The squadron received its fifth KC-30 on 3 December 2012, and achieved initial operating capability in February 2013. It expected to reach final operating capability, with both boom and probe-and-drogue delivery systems, in 2014. On 14 September that year, the Federal government committed to deploying one of the squadron's KC-30s to Al Minhad Air Base in the United Arab Emirates, as part of Operation Okra, Australia's contribution to a coalition to combat Islamic State forces in Iraq. The aircraft was only cleared for operations with the probe-and-drogue system, as by this stage the boom system was not ready. The KC-30 began flying missions in Iraq on 1 October 2014. The first successful contact using the boom system (in concert with another RAAF KC-30) took place near Amberley on 13 May 2015. In July, the Federal government announced the purchase of two more KC-30s, to increase No. 33 Squadron's fleet to seven aircraft; the airframes were to be ex-Qantas A330-200 passenger liners, converted by Airbus Defence and Space at Getafe, near Madrid.

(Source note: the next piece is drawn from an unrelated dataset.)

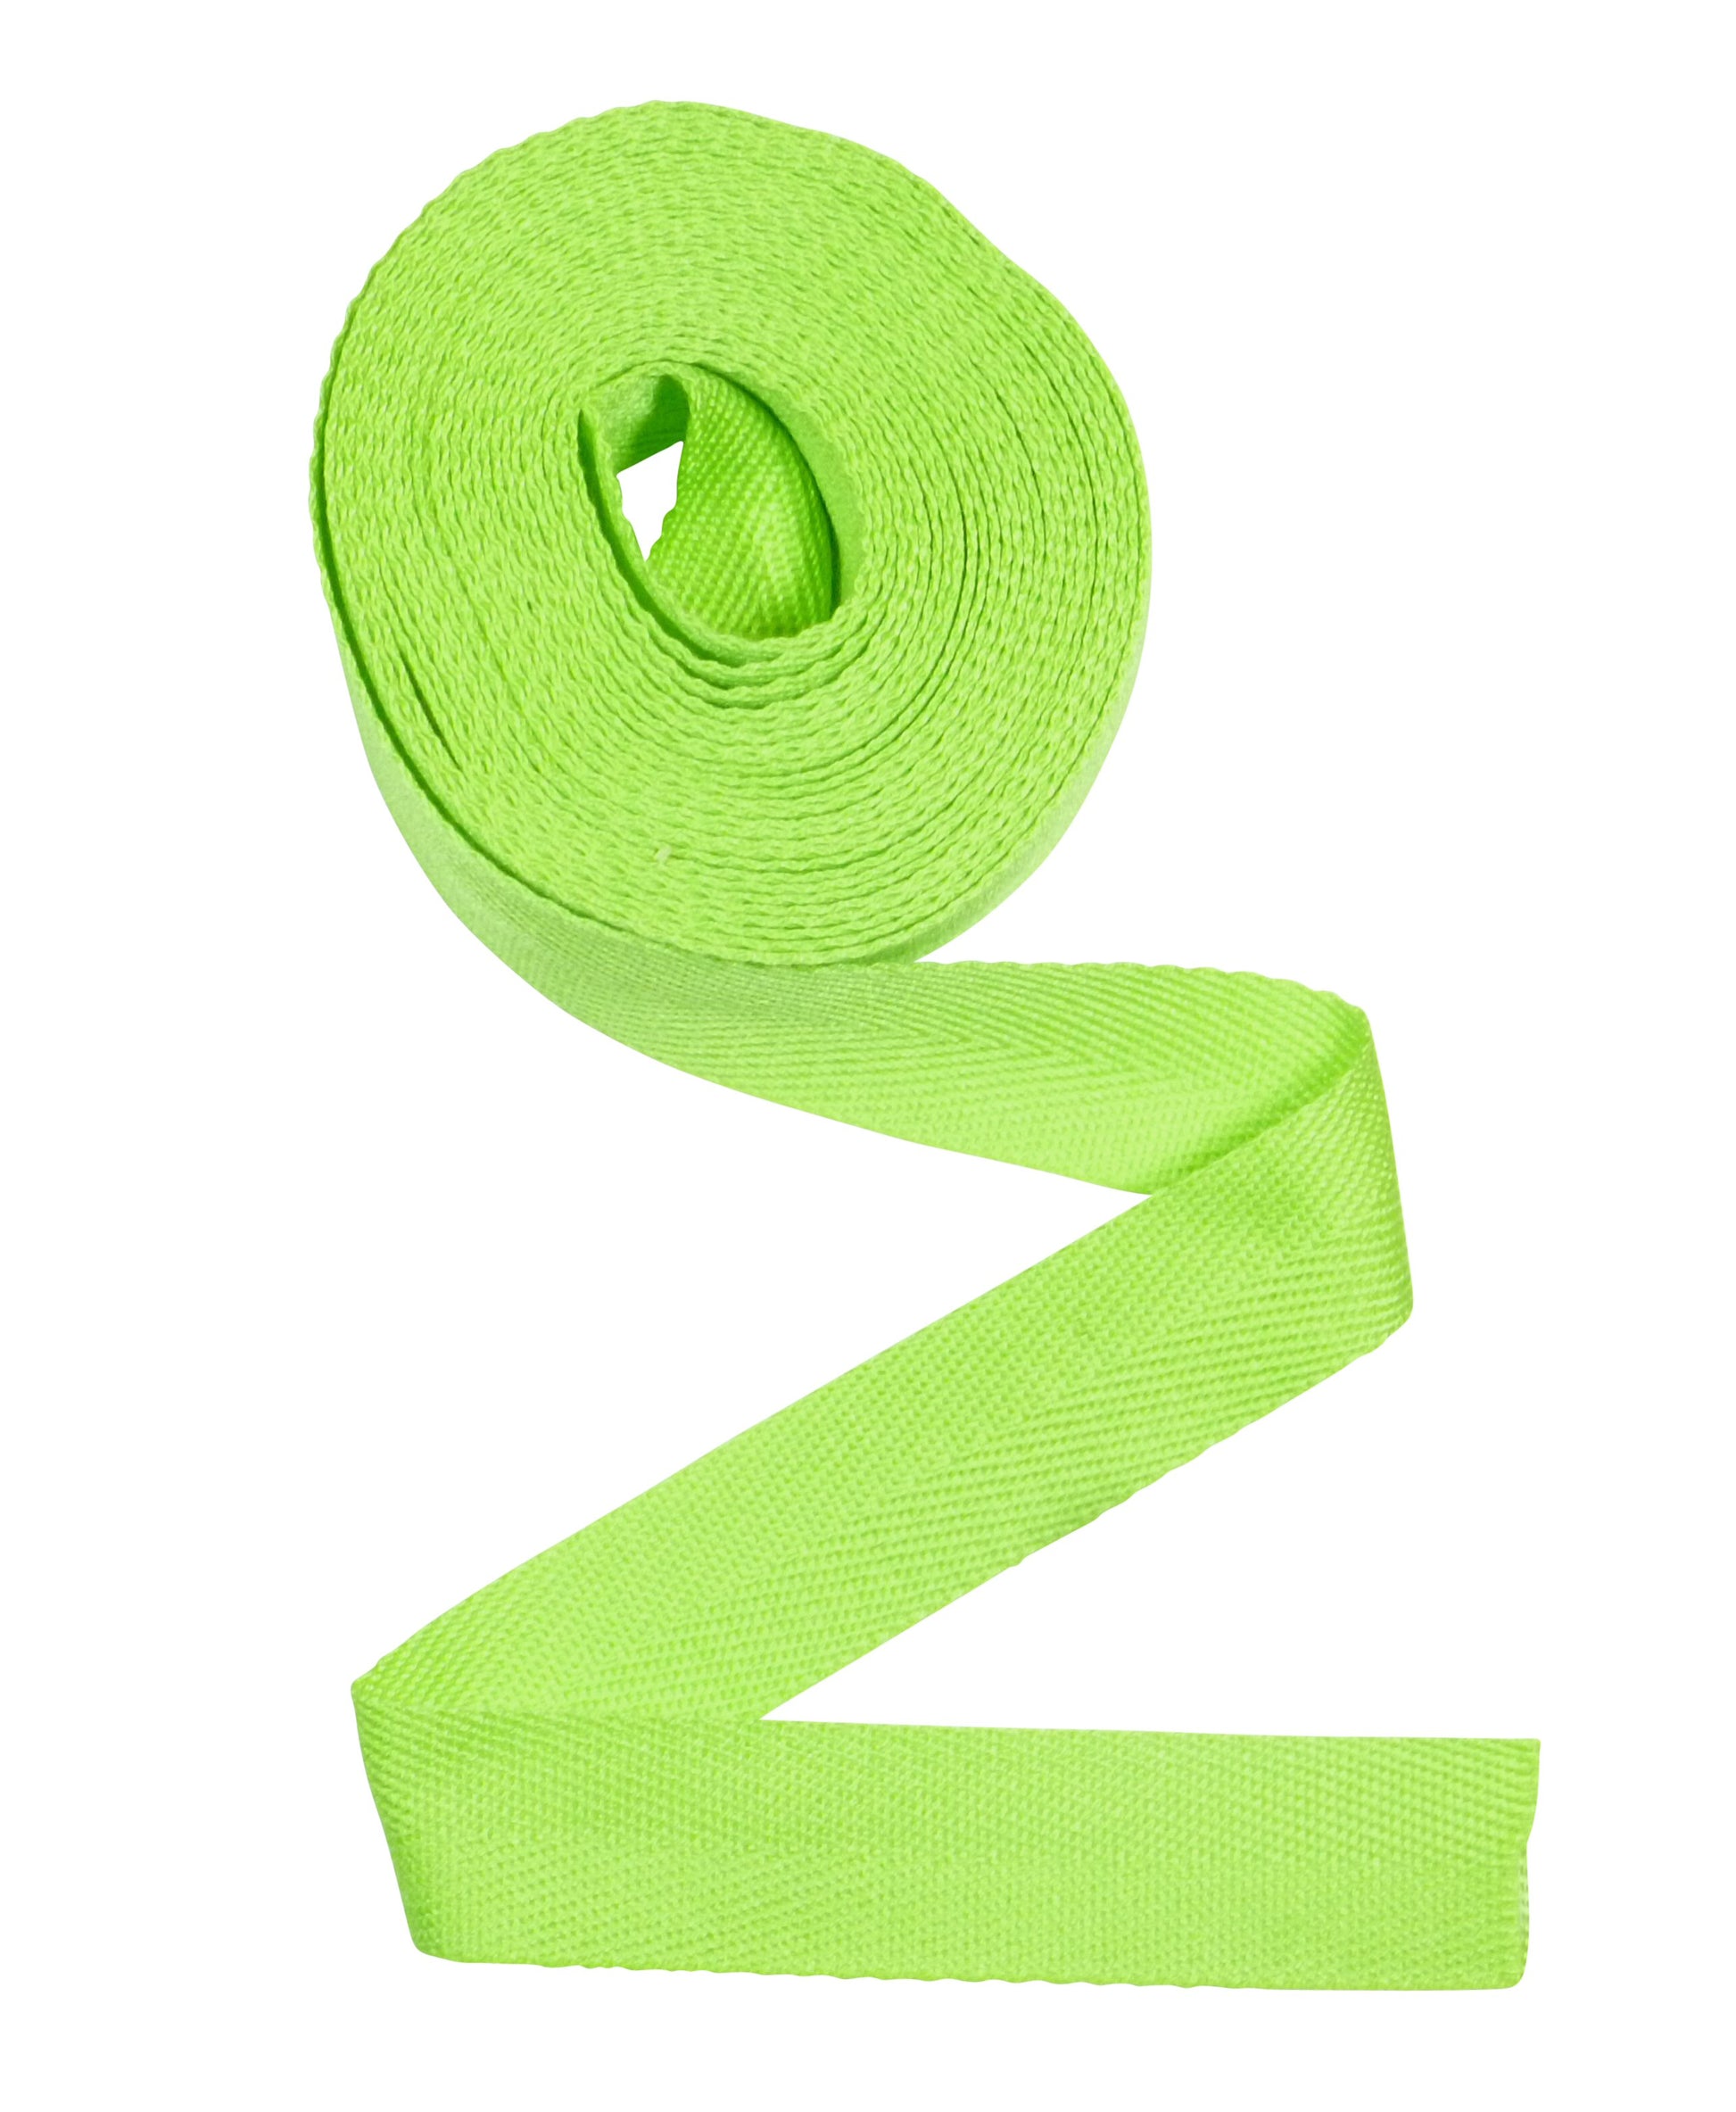 Benristraps 25mm Acrylic Twill Tape, 5 Metre Length in lime green
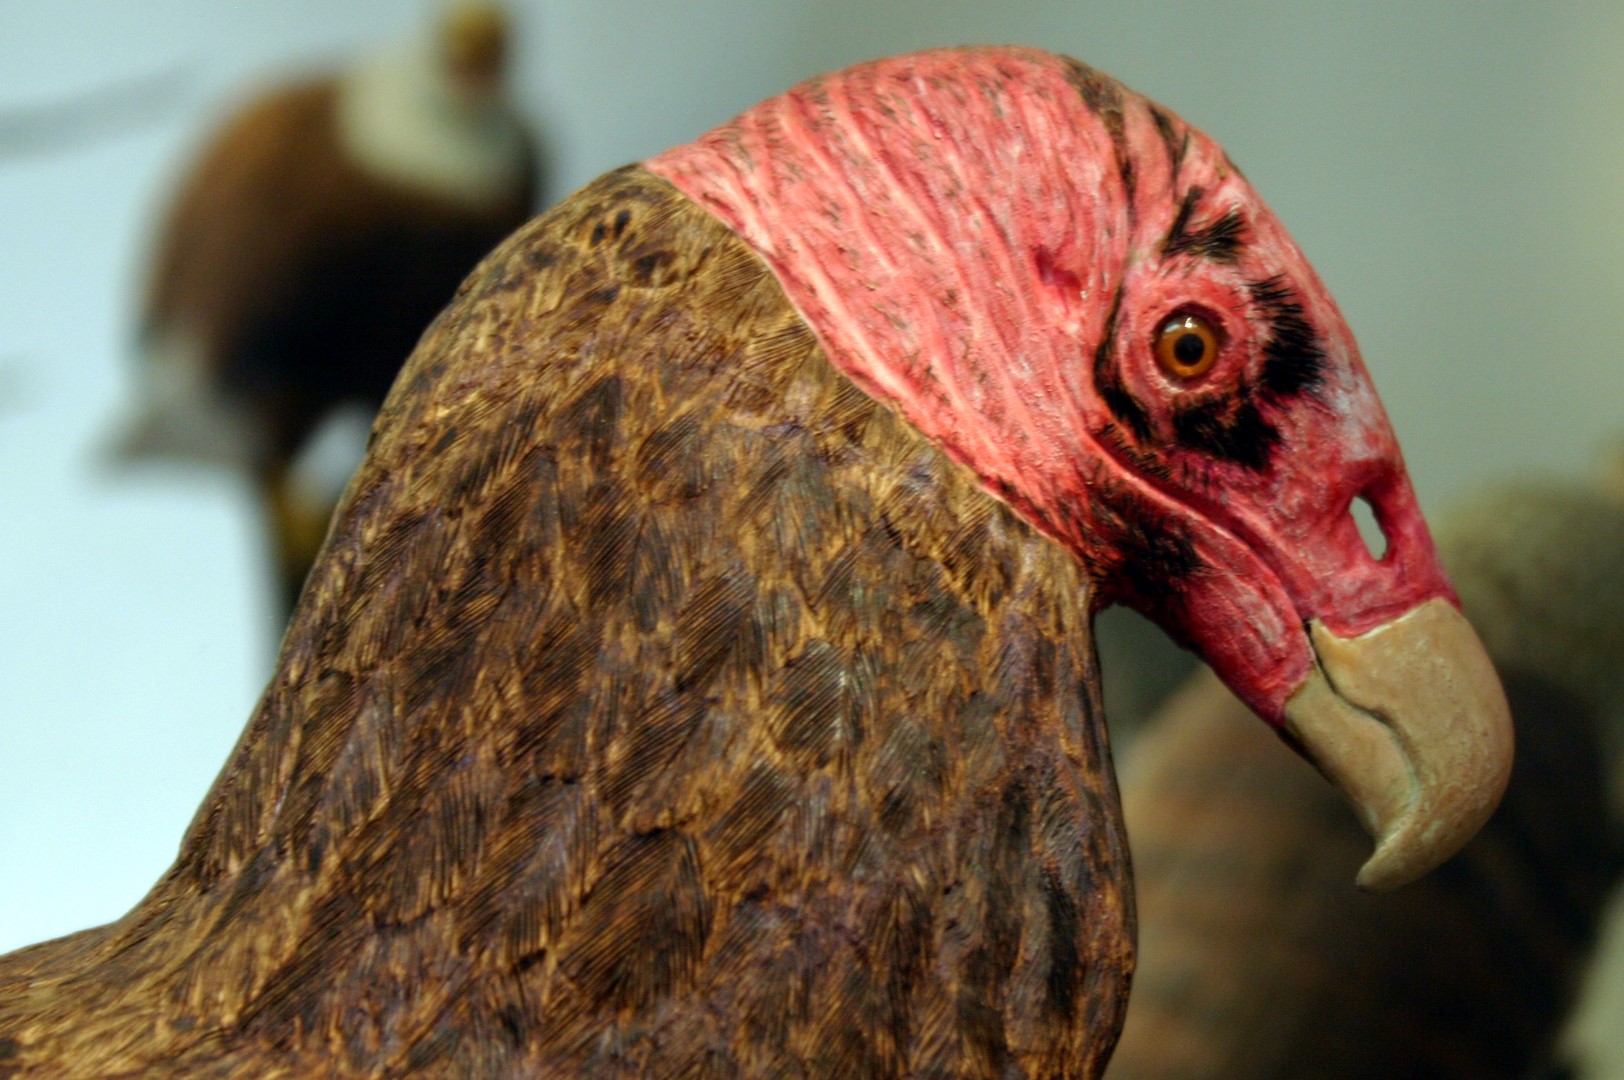 Head and neck of Turkey Vulture (Cathartes aura), a wood carving by Bob Spear (rest of body not visible in photo)

The KC-30 deployed to Iraq undertook the first operational use of the boom system in late October 2015, refuelling an RAAF E-7 Wedgetail.

In March 2016, No. 33 Squadron was awarded the Duke of Gloucester Cup as the RAAF's most proficient squadron of the previous year, as well as the RAAF Maintenance Trophy. It also received the 2017 and 2018 Maintenance Trophies. The unit's sixth KC-30 was delivered to Amberley in September 2017 and its seventh in May 2019, the latter aircraft having a VIP passenger-carrying capability to augment its aerial refuelling role. The VIP aircraft was fitted with first-class and business-class seats, as well as a conference room. In December 2018, Wing Commander Sarah Stalker assumed command of No. 33 Squadron, becoming the first woman appointed to lead a RAAF flying squadron in over a decade. The squadron completed its final Operation Okra deployment in September 2020; by this time its aircraft had flown 1,440 air-to-air refuelling missions in the Middle East, totalling over 11,000 hours flight time, and delivered in excess of 47,000 tonnes of fuel to Coalition aircraft.